Christine Stuart photo
Sen. Donald Williams and Speaker-elect Chris Donovan (Christine Stuart photo )

Rain, sleet, and snow won’t keep state lawmakers away from the state Capitol Wednesday, the first day of the legislative session.

On the first day of session, which will adjourn June 3, lawmakers will be sworn in before deciding on the rules and listening to Gov. M. Jodi Rell’s State of the State address.

In preparation, majority Democrats announced that they will begin tackling the 2009 budget deficit even before Rell gives her budget address in February, while minority Republicans hope to speed budget deliberations and bring more efficiency and transparency to the legislative process.

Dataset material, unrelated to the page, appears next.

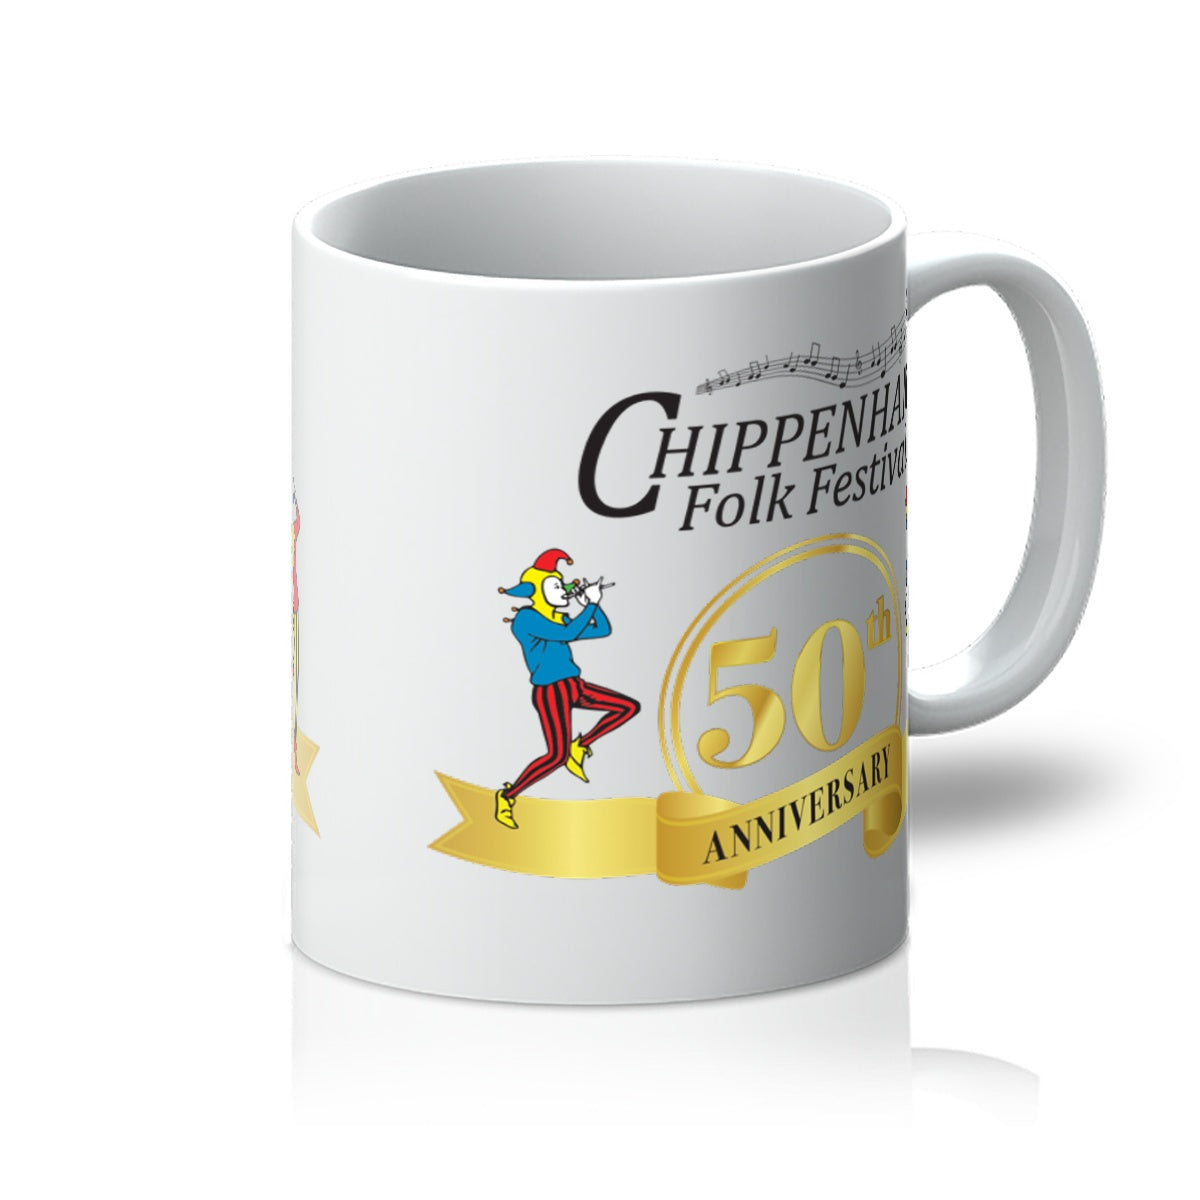 Chippenham Folk Festival 50th Anniversary Mug

Speaker-elect Chris Donovan, D-Meriden, said he wants the Appropriations and the Finance, Revenue, and Bonding committees to finish their work two weeks ahead of schedule.

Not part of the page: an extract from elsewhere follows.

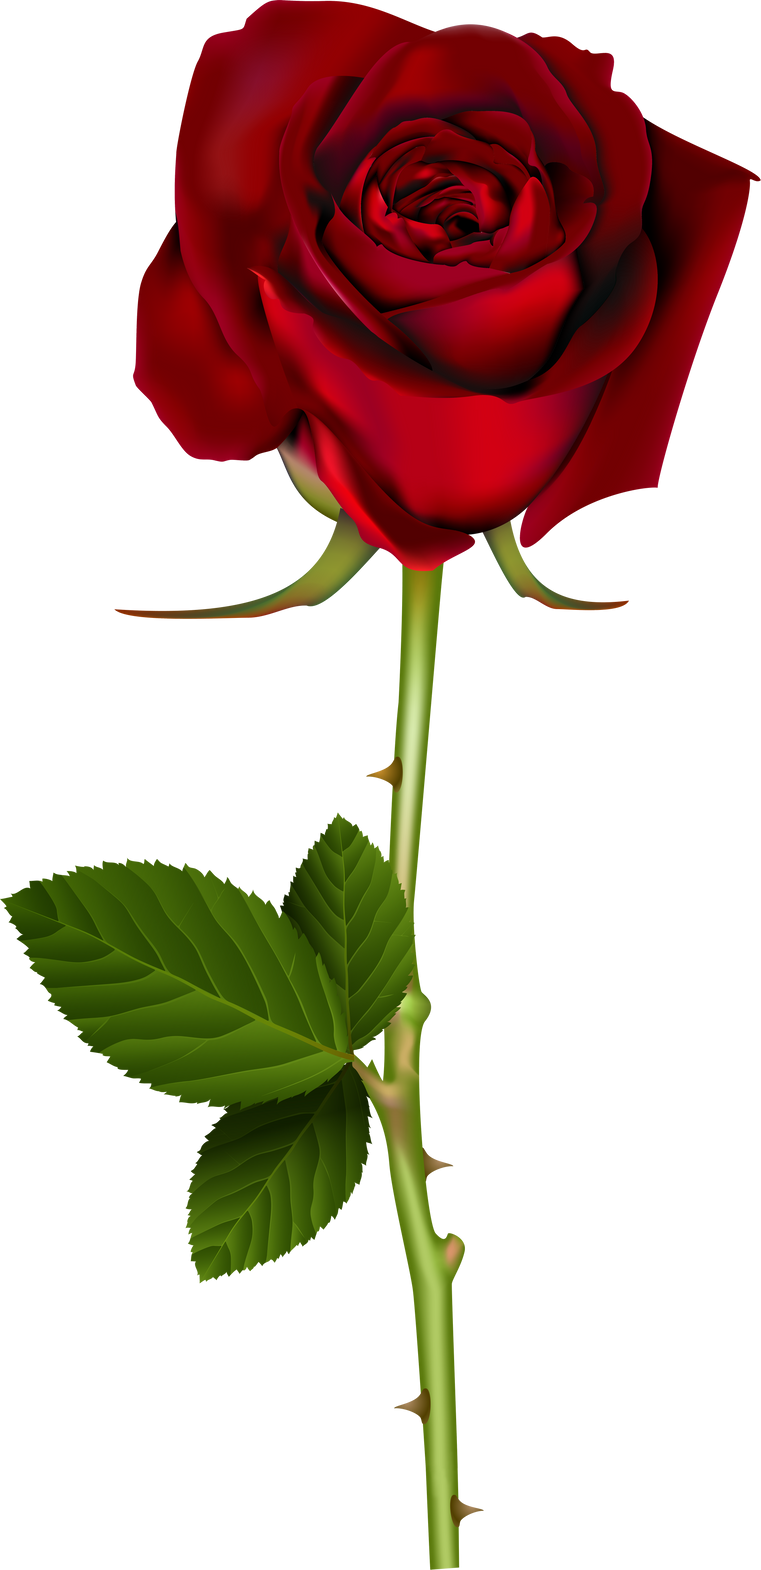 red rose with stem illustration

“We want to make the process work as quickly as possible so we have time to get it done,” Donovan said.

The state is facing an estimated $343 million budget deficit for 2009, followed by a more than $6 billion deficit over the next two years.

“This year we have to be focused on dealing with this budget challenge and changing policy where it improves things for folks and doesn’t add to that deficit,” Senate President Donald Williams, D-Brooklyn, said.

Williams said he is telling his caucus tomorrow that “any proposal that costs money, that doesn’t pay for itself, is almost assuredly dead on arrival.”

He said that if the legislature is able to pass a budget before the end of the session on June 3, “it would be a tremendous accomplishment” because even during good budget years the legislature was unable to pass a budget on time.

In an effort to speed up the process, Senate Minority Leader John McKinney, R-Southport, said combining the two budget committees into one “Budget Committee” makes sense. The Appropriations Committee creates the spending side of the budget. McKinney said that often times Appropriations offers a bill that doesn’t match the Finance, Revenue, and Bonding Committee’s corresponding proposal to fund it.

In addition to streamlining the two budget committees, Republicans have proposed eliminating the four Select Committees, which under current law cannot transmit legislation directly to the floor of the House or Senate, and consolidating six other committees into three.

“We can’t talk about consolidating state agencies if we don’t consolidate legislative committees,” McKinney said. He said these changes would save the state money because it would require nine fewer full-time staff members and 18 fewer session-only employees.

McKinney said that over the years additional committees were created to make more chairmen, who get paid a higher salary than a rank-and-file legislator.

Republicans also proposed making state government more friendly by allowing the public to testify before elected officials and legislators at public hearings.

McKinney said he also has sent Williams a copy of his ethics proposal, which would permanently create a bipartisan ethics committee to investigate senators for abuse of their office, alleged ethical violations, or misconduct. The committee would be similar to the one that held hearings to decide whether to expel, censure, or reprimand former Sen. Louis DeLuca, who resigned in 2007 before the committee could make a decision.

Williams said he hasn’t reached agreement with McKinney on the language and believes it will be worked out sometime this session.